Halogen-bonded Liquid Crystals and Co-crystals

Following our report of the first example of a halogen-bonded liquid crystal (15) back in 2004 (J. Am. Chem. Soc., 2004, 126, 16-17), we worked extensively in this area (see eg Chem. Eur. J., 2010, 16, 9511-9524) and have recently published a critical review of the area (Helv. Chim. Acta., 2023, 106, e202300008).

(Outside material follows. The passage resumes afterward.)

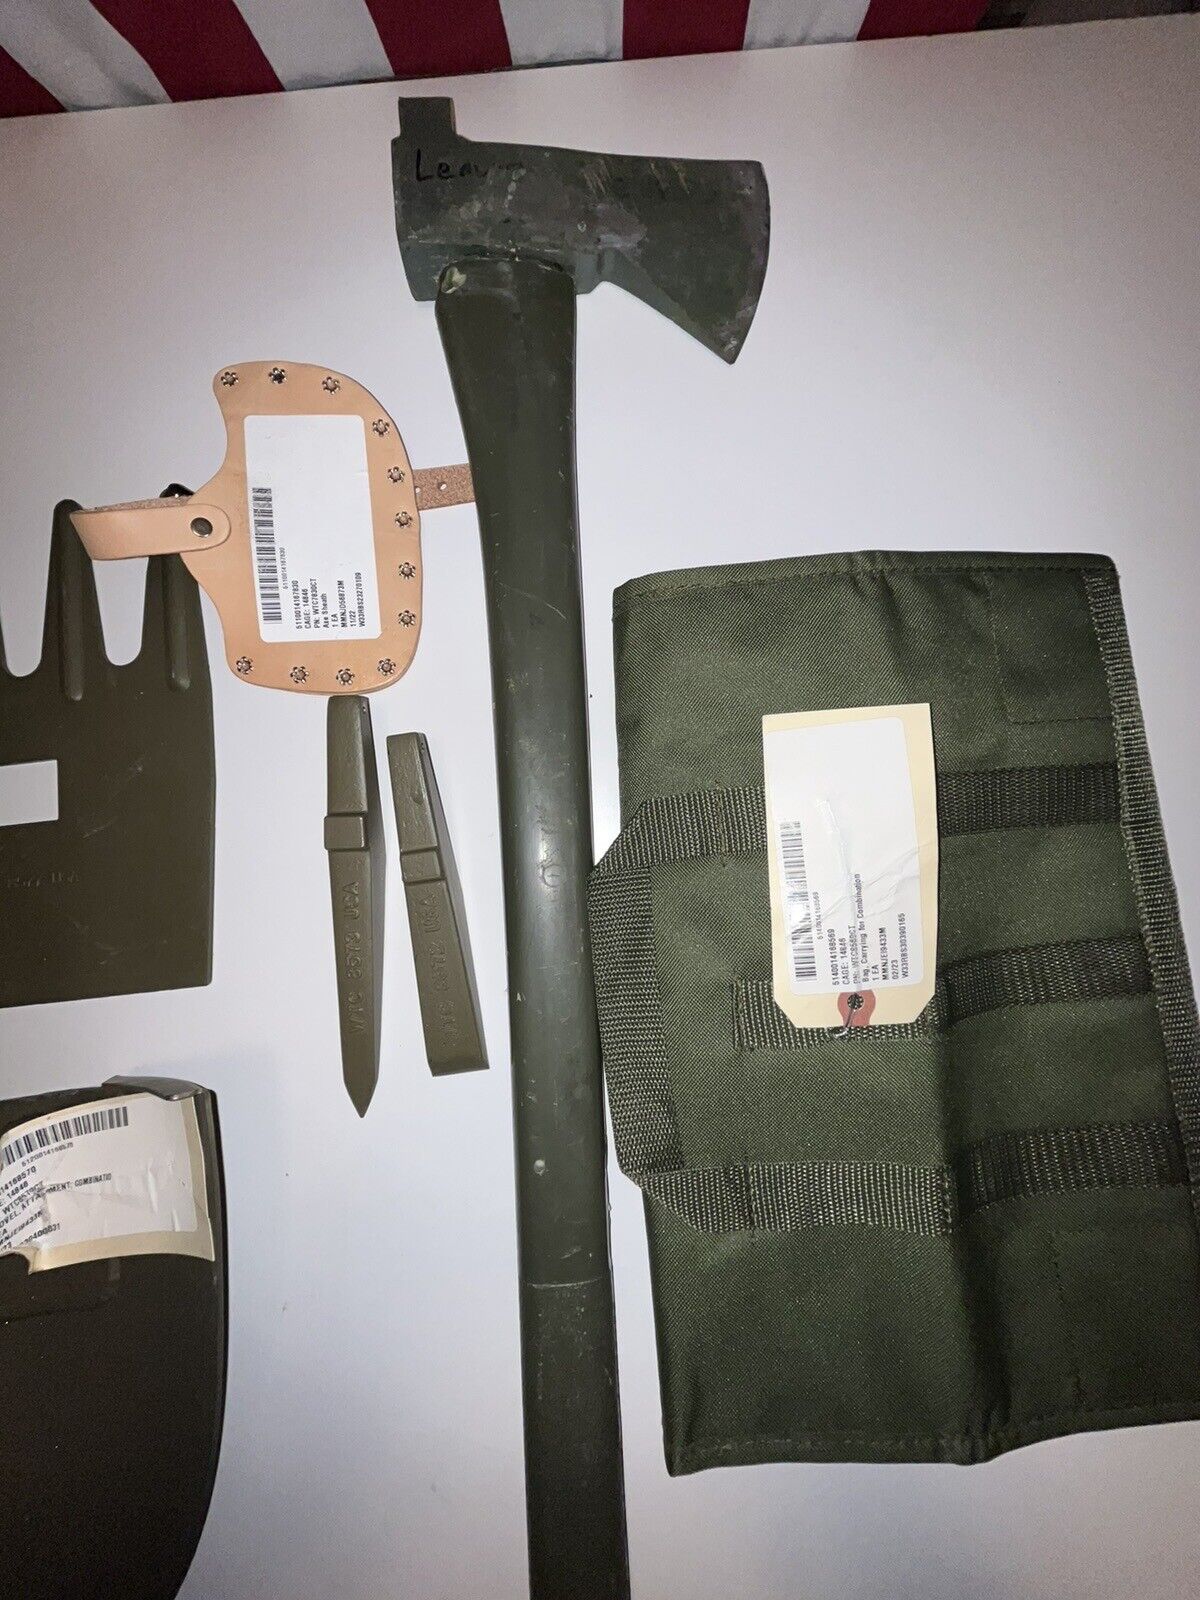 USGI Forrest Tool Co MAX Military Axe Tool W/ Shovel, Picks, and Rake Hoe Attach

In collaboration with Resnati and Metrangolo, we reported on the liquid crystal properties of ionic halogen-bonded materials (16) where the liquid crystallinity was driven by the halogen-bonded anion (Angew. Chem. Int. Ed., 2016, 55, 6300-6304). Most recently, we have reported on the structure and mesomorphism of some halogen-bonded complexes of interhalogens (17), which tend to show SmA phases (CrystEngComm, 2023, 25, 1683-1692). Theoretical aspects of these studies have been carried out in collaboration with my colleague Peter Karadakov (see also. J. Phys. Chem A, 2012, 116, 10621 and Cryst. Growth Des., 2010, 10, 3710).

We also branched out a little into aspects of crystal engineering (see e.g. Chem. Eur. J., 2014, 20, 6721-32, CrystEngComm, 2014, 16, 4254-4264).